2012年12月30日日曜日

Book Review: 恥辱

タイトル:恥辱(早川書房)
作者:J.M. クッツェー(Wikipedia
訳者:鴻巣 友季子


夜中の一時ごろもう本を閉じて寝ようかと思う頃になって、主人公の娘ルーシーの強姦に関する新たな事実が分かり、最後まで読み切ってしまわないわけにはいかなくなって、読み終えたのだけどそのせいでなんだか夢にうなされる羽目になったような気さえしてしまう重たいお話。



大学の教職の地位から追われて娘の住む田舎に身を寄せ、新しい地に苦戦しながらも馴染んでいき、生活が好転するのかと思って読み始め、しかし、彼自身の問題というよりも、都会人的な人なら誰でも受け入れ難いと思われる、娘の頑固なまでの田舎への服従心、あるいは、農園に対する愛着によって辱めに甘んじざるを得なくなる。

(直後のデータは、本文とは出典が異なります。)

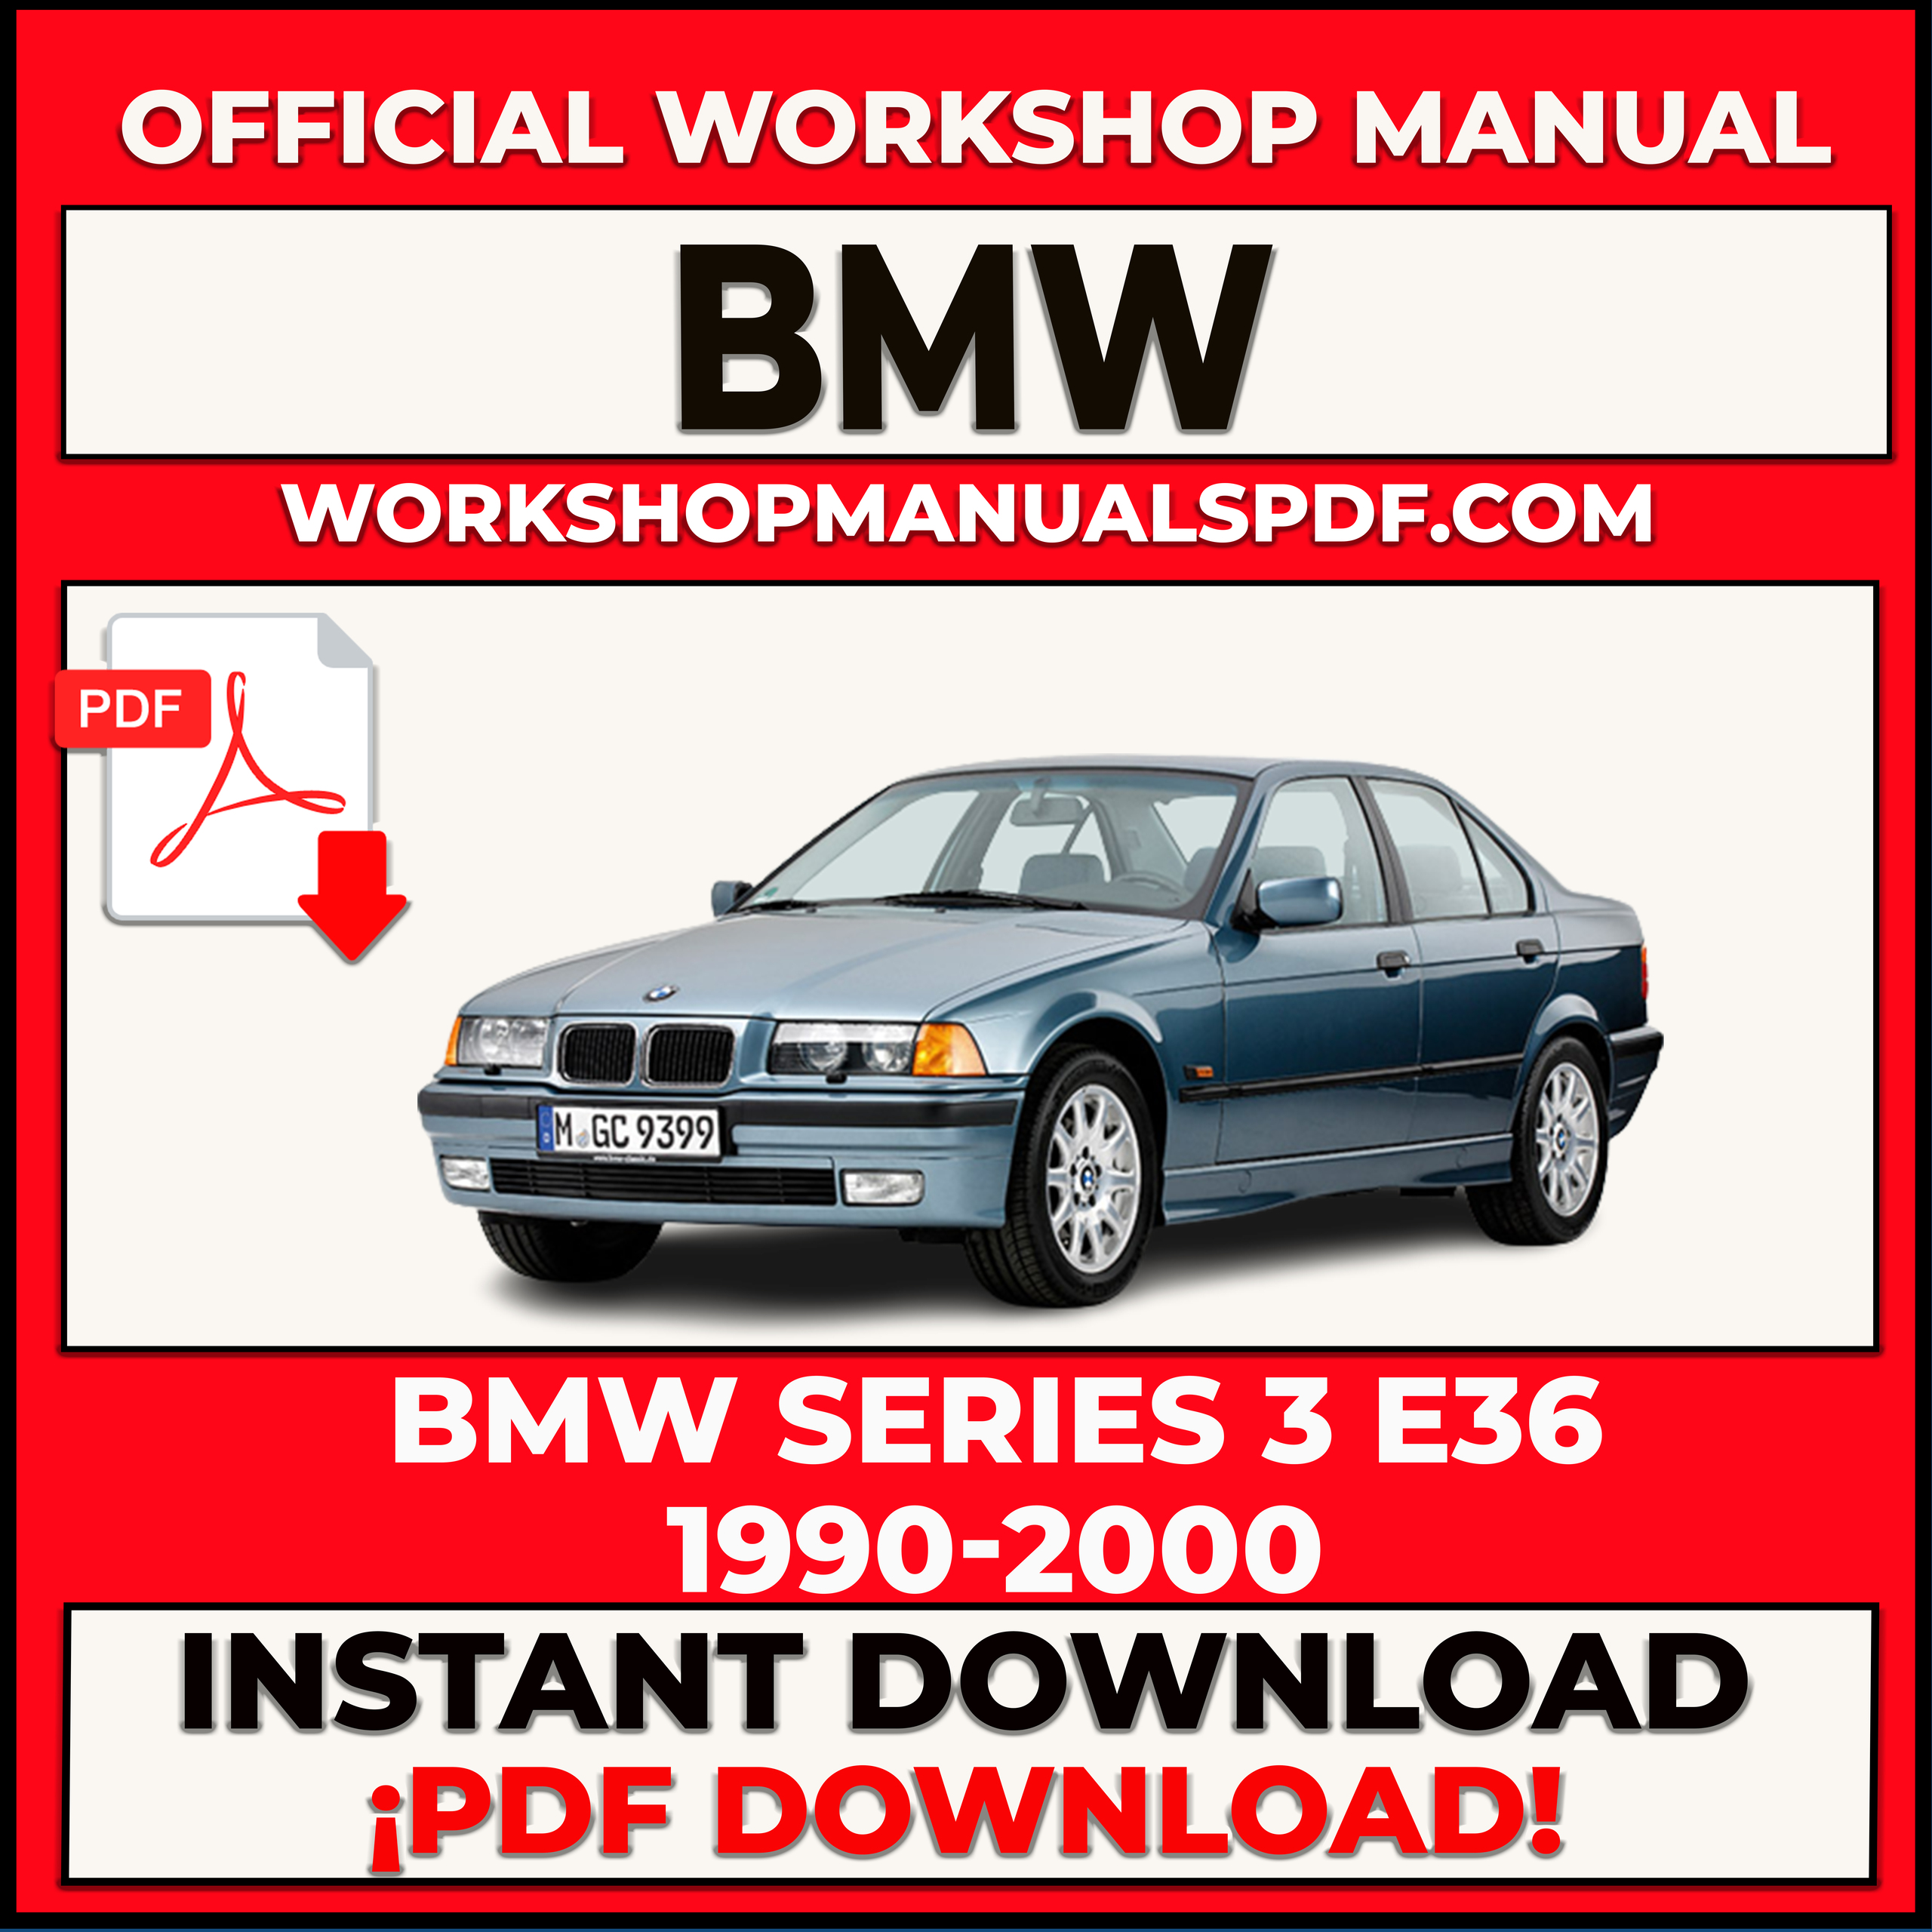 BMW SERIES 3 E36 1990-2000 WORKSHOP REPAIR MANUAL

読みきってなお胸糞の悪さみたいなものが残るけれど、一つ救いがあるとすれば、南アフリカという新旧の価値観がせめぎ合う時代、場所で主人公が「学ぶ」ということを再び見出したことだろう。きっと彼は新たに得た謙虚さで心の整理をしていくに違いないのだが、逆説的に、学び、慣れることは異質の価値観からして見れば恐るべき恥辱の受け入れであることも説いているように思えてならない。

友人にすすめられて読んでみたのだけど、(いい意味で)すごい本をすすめてくれたな…という印象です。分量はそれほどでもないので、濃ゆい小説を手軽に楽しみたい方におすすめです。


2012年12月28日金曜日

ガルシア=マルケスの小説を読んで学んだこと -ガルシア=マルケス全小説-

大江健三郎氏が何かのエッセイで、通年で一人の作家の本を読むことがあるというエピソードを書いているのを見て、中学生の頃からなんかかっこいいな、という憧れがあり、ガルシア=マルケスの『百年の孤独』に出会ったのをきっかけに「マルケス全集を読み切る」というのを2012年の目標の一つに設定したのでした。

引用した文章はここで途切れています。